M2VDB - Understanding Vector Search Through Real Implementations

This project is simply me trying to understand vector search and databases from first principles, while having fun building something end-to-end that feels like a real vector DB. I’ve worked as an applied scientist on AI systems with retrieval and yet, I never really understood how vector databases actually work.

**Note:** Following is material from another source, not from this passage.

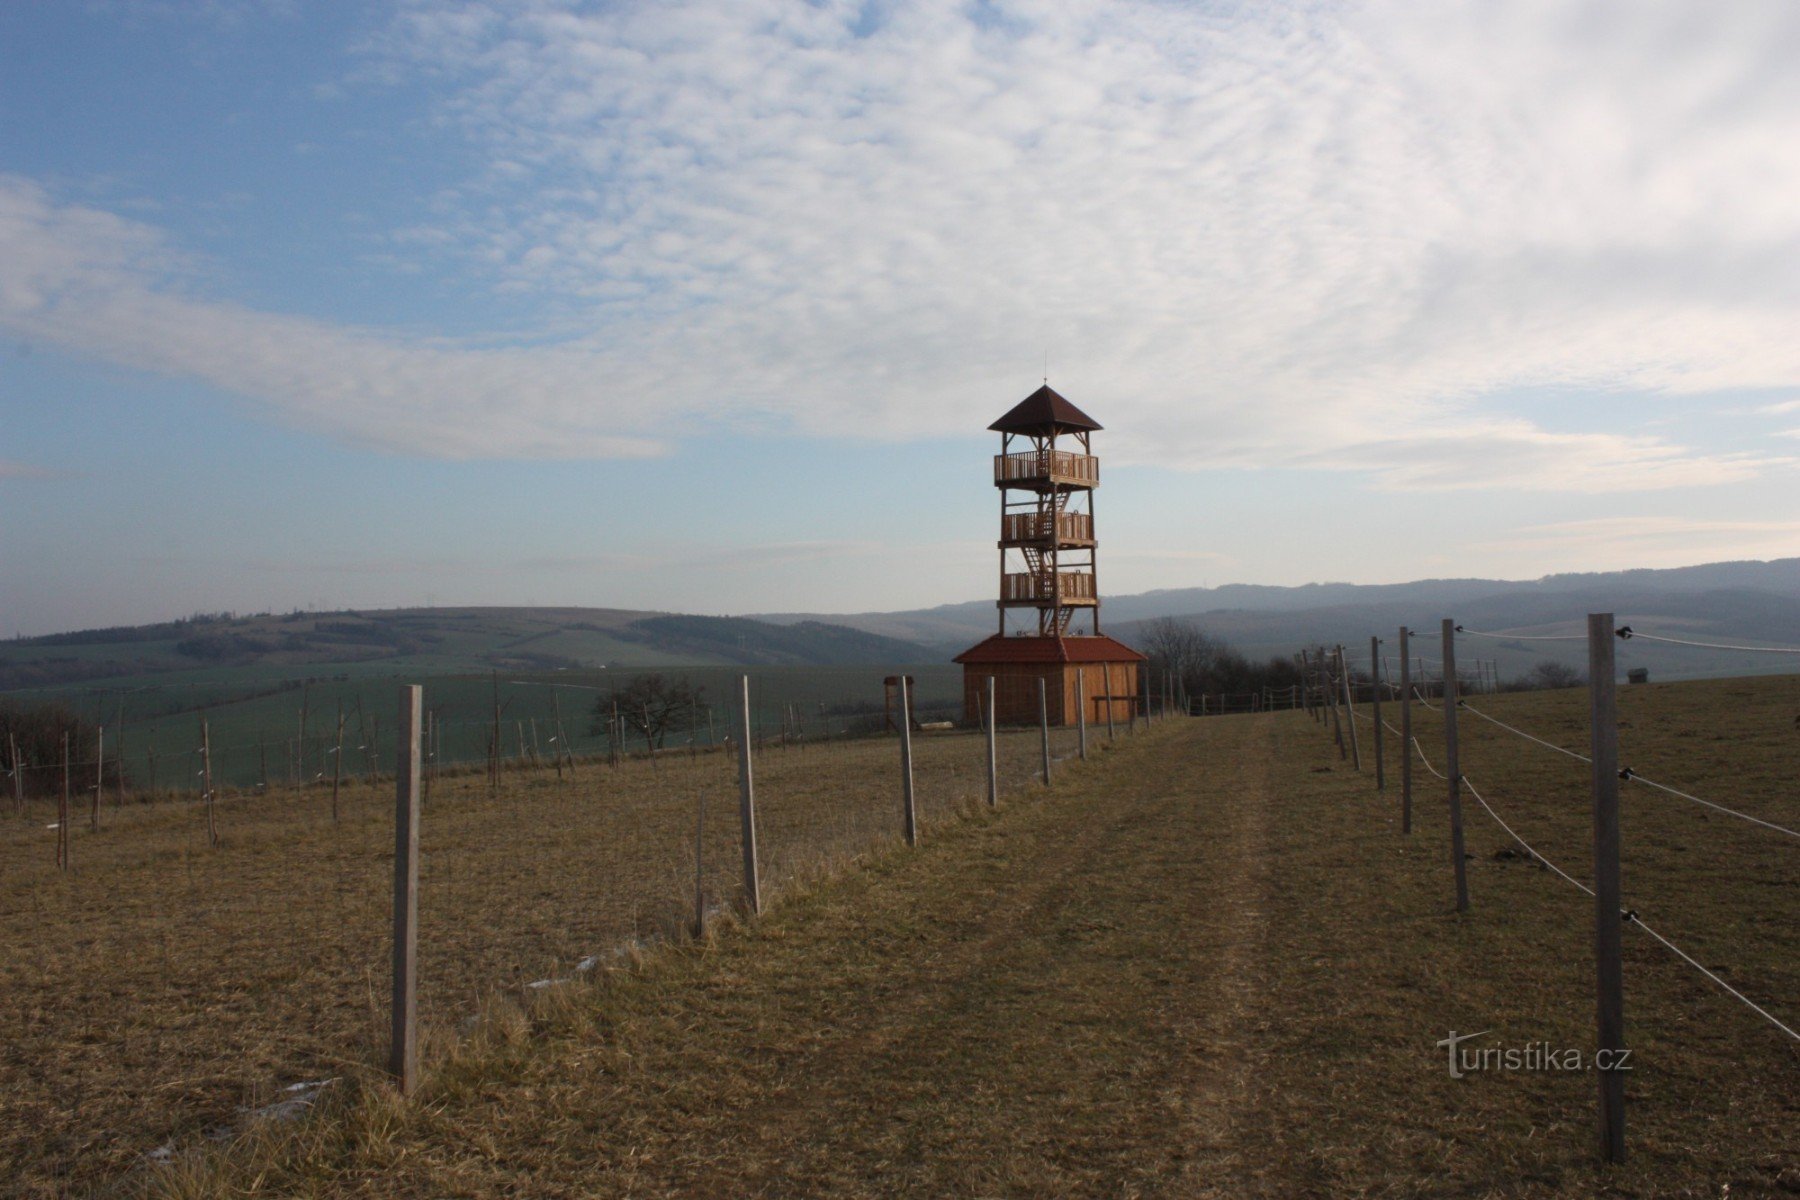 Torre panoramica Zdenička nella regione di Kroměříž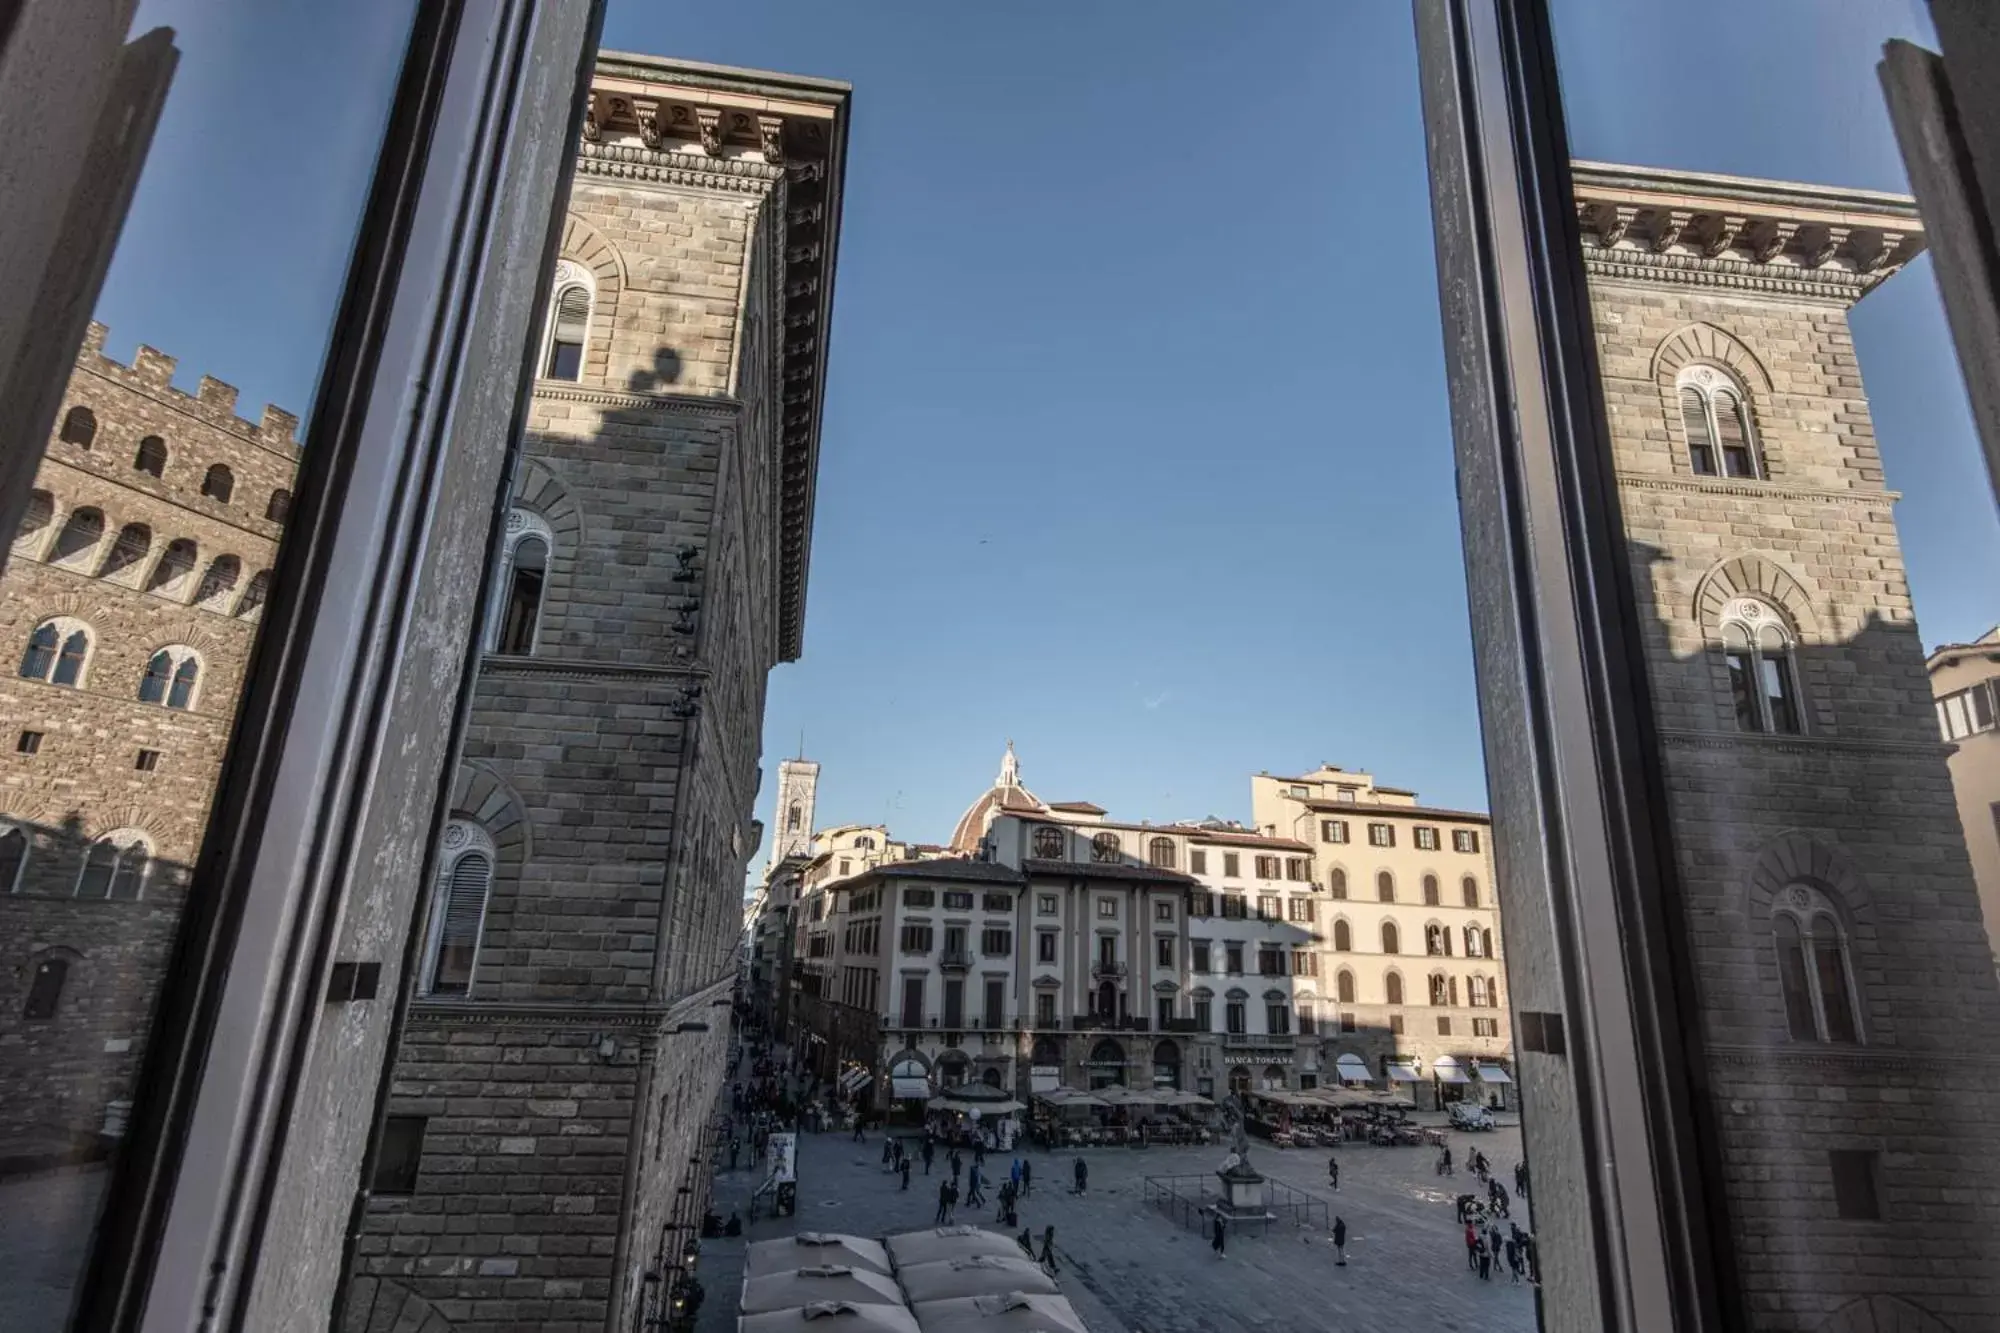 City view in Relais Uffizi

Until now :)

✨ Features

🧱 Index Implementations

Brute Force (Python)
Brute Force (Rust)
Product Quantization (PQ)
Inverted File (IVF)
More Rust ports coming...

🌐 API

REST API with FastAPI
Python SDK client & CLI
Docker & persistence support
MCP Server (planned) for the memes

📊 Benchmarking

Benchmarks on multiple datasets (SIFT1M, FastText, more coming)
Latency, recall, build time, memory, QPS
Caching benchmark runs & JSON results

🗺️ Roadmap

More Indexe: Implement HNSW (Python first, Rust when I'm board).
Comparative Benchmarks: Add FAISS baselines to compare my implementations.
Experiments: Hyperparameter sweeps for PQ (and others) with visualization/graphs.
Configuration: Better config management for running benchmark sweeps.
Memory Benchmarking: Improve memory measurement to track non-Python indexes.
MCP Server: Model Context Protocol integration (because why not?).

⚡️ Quick Start

Installation

Option 1: From PyPI (Recommended)

pip install m2vdb
# or with uv
uv pip install m2vdb

Option 2: From Source

git clone https://github.com/mmilunovic/m2vdb.git
cd m2vdb
uv sync

Optional: Enable Rust Indexes

For maximum performance, you can build optional Rust extensions:

# Install Rust if you don't have it
curl --proto '=https' --tlsv1.2 -sSf https://sh.rustup.rs | sh

# Build Rust indexes
cd rust
maturin develop --release
cd ..

Start the Server

Using Docker

docker-compose up -d

Using CLI Command

# Basic usage
m2vdb-server

# Custom port
m2vdb-server --port 8080

# With persistent storage (when implemented)
m2vdb-server --data-dir /path/to/data

# Development mode with auto-reload
m2vdb-server --reload

💡 Tip: Once the server is running, visit http://localhost:8000/docs for the interactive API documentation (Swagger UI) to explore endpoints and test requests directly from your browser.

Use the Client

from m2vdb import M2VDBClient

# 1. Connect
client = M2VDBClient(api_key="sk-test-user1", host="http://localhost:8000")

# 2. Create Index
index = client.create_index(
    name="demo", 
    dimension=3, 
    metric="cosine",
    index_type="brute_force"  # Options: "brute_force", "pq", "ivf", "rust_brute_force" (if built)
)

# 3. Insert Data
index.upsert(
    vectors=[
        {"id": "A", "vector": [1.0, 0.0, 0.0], "metadata": {"label": "Red"}},
        {"id": "B", "vector": [0.0, 1.0, 0.0], "metadata": {"label": "Green"}},
    ]
)

# 4. Search
results = index.query(
    vector=[0.9, 0.1, 0.0],
    top_k=1
)
print(results) # Matches "A" (Red)

Using Rust Indexes (Optional)

If you've built the Rust extensions, you can use them for significantly better performance:

from m2vdb import Collection, HAS_RUST

# Check if Rust is available
print(f"Rust indexes available: {HAS_RUST}")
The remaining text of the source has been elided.